“Didn't your mother teach you sharing?” That is what my husband, god rest his soul, used to ask me whenever I had something he wanted, usually in the food or drink category. I guess she did, because I don't mind sharing.
Like the library, it's all about sharing. I love to read, and since I could never afford to purchase or to store the quantity of books I read, I don't mind sharing books with other like minded patrons. But my gawd people, what are you doing while you're reading?
The other day, while reading a library book, I found a large dark brown coloured stain, mirrored on two pages like a dirty ink blot, a wannabe Rorschach test. Four pages later there were a few more brown smudges, followed by some grease stains and then the book read clean. You, the reader, were eating a chocolate dip donut weren't you? At least that's what I'm telling myself as I don't want to consider some of the other possibilities.
I understand, I live alone and often read while I eat a meal or have a snack. But if I can't manage the food and the book, I set the book aside so as to not soil it's pages. Obviously some of the other library card holders are not as conscientious.
I finished that chocolate stained book and started another...another mystery. Maybe that library patron who likes to eat and read has the same taste in books. This book has orange stains, Cheezies would be my guess. Now, come on, everybody knows if you eat Cheezies your fingers get stained with orange dust. If you're going to eat and read at least make an effort to keep your hands clean.
This has all been very alarming and is taking away from my pleasure in reading, especially when the next book had green stains, not stains really but little green blobs. Ooh, nasty, makes me
want to wash my hands, and the book.
This is all so disconcerting. Where is the respect, people?
I read with clean hands, OK, maybe sometimes too clean. I like nothing better than to share my Calgon moment with a good book. Turning pages gets difficult with a wet hand, so I might leave damp marks on the pages. No stains, just water marks, maybe a slight thickening of the paper...except for that one time I dropped the book in the hot water...it was never the same.
Since I'm so aware of food stains, (I feel better thinking they're food stains), I've come to notice something else. Little circles drawn around some of the page numbers. What is this? I looked the page over and it was just part of the story, nothing so outstanding as to be marked. It wasn't like marking the pages with 'explicit sexual content' like some teenagers have been known to do. If the circles were in place of a bookmark the reader was not reading very long at any given time.

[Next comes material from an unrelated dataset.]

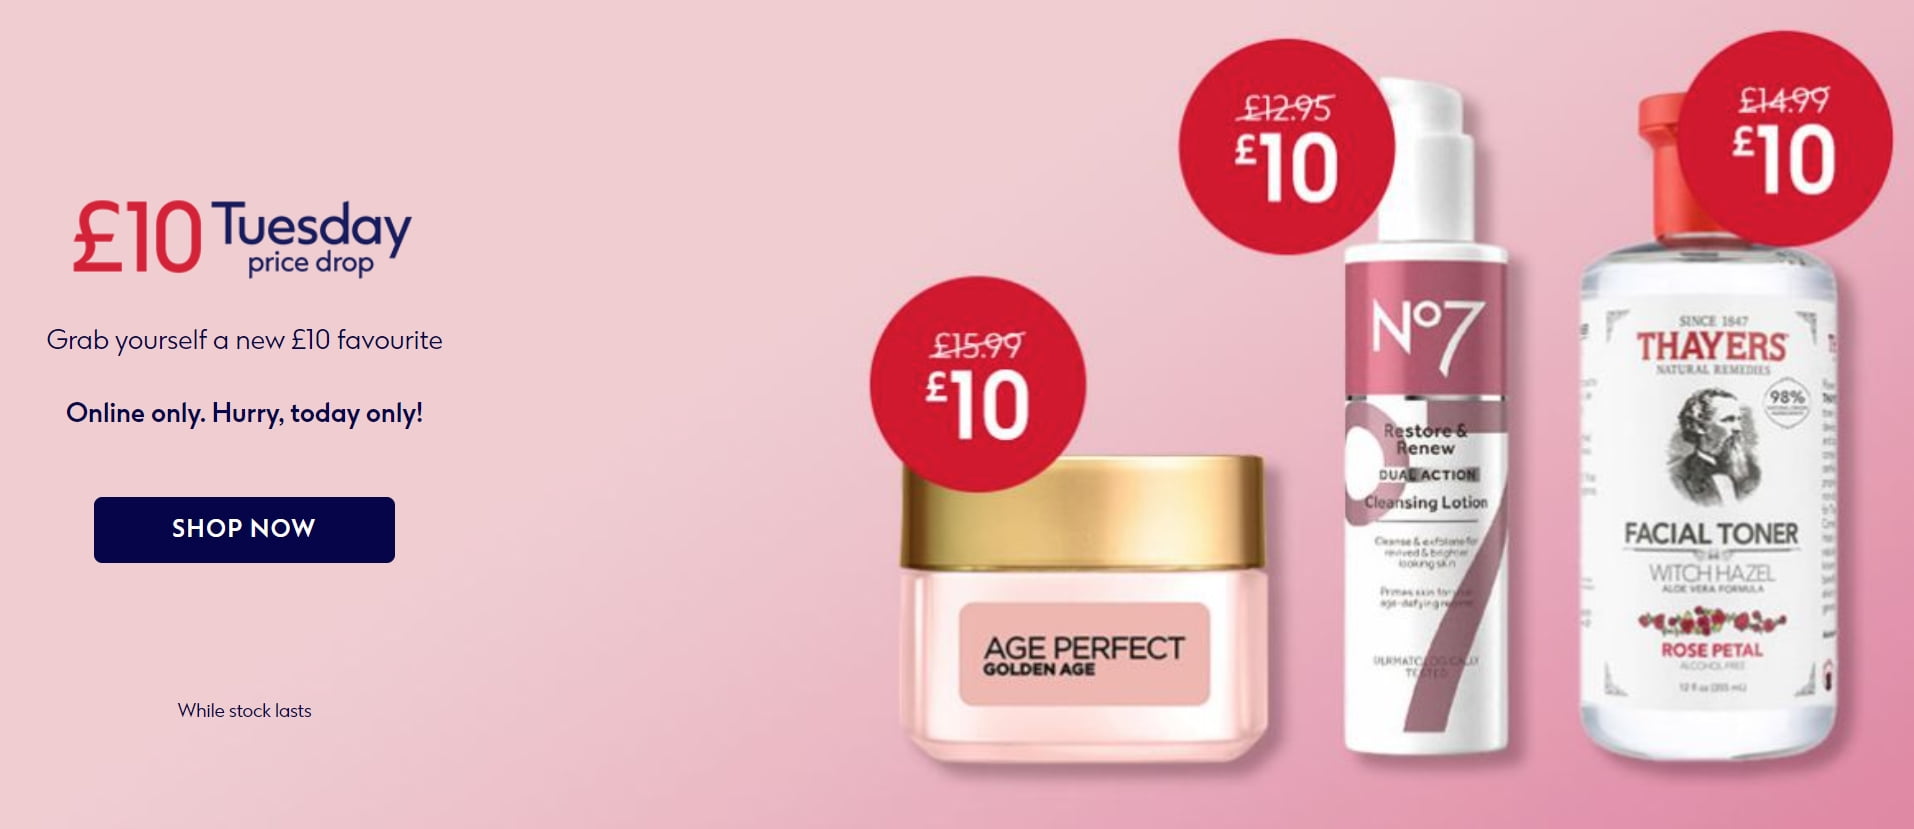 £10 Tuesday at Boots

And initials, have you seen those initials in the front of the book? So the reader will know he or she has read the book, in case the synopsis on the back didn't ring any bells. I understand that, I've read a synopsis and, thinking it sounded like a good story, signed the book out only to remember it had been a good story...when I read it the first time. When you read an average of three or more books a week it's hard to remember them all. That's why I keep a list, by author, in a little notebook. If we all were to put our initials in the front of the book we'd need to have stickers that would cover them over, like the library did when they hand stamped due dates on each book.
The other day I was reading a James Patterson novel, from the Women's Murder Club series. Someone had deemed themselves an editor. Now, we've all found the odd typo in a book and been tempted to correct it, to correct a mistake in typing, not to change the wording. This was entirely different. This was striking a line through the words as written and substituting other words. It occurred a number of times and I realized it was for all the same words. Things like “...had gotten sick...” was
changed to 'had become sick', “...had already gotten to the school...” changed to 'already arrived at school..'. That reader must have been an English teacher or something. It had looked OK to me, perhaps casual English, as opposed to formal English. If it was wrong, how did it not get corrected in the editing process? Made me curious, so I looked it up in a book of grammar, and the reader was right, as far as proper use of the language is concerned.
I've just finished another book and this one was snack free and pencil free. There were no notations, no initials and no stains. Picking up the next book off the to-be-read pile of books by my chair I leaf through the pages looking for signs of misuse and abuse. I want to get it out in the open, to not let it be a distraction while I'm reading the story. This book is pristine, and it's two years old, what a marvel.
Ah ha, this book contains a gift, in the form of a bookmark. Now I understand, the bookmark is a shopping list, for the grocery store. Which reminds me, it's dinner time and my lasagna is ready. A glass of wine, some Italian pasta, what could be better as I sit down to read a Lisa Scottoline novel about an Italian lawyer from Philadelphia. I promise to be neat.
1 comment:
Okay, now you've got me thinking. Perhaps the worst stain I've left on a book would be a splash of red wine when I got to a really good part! But now I'll be handling them with kid gloves, just in the event I loan you one of mine!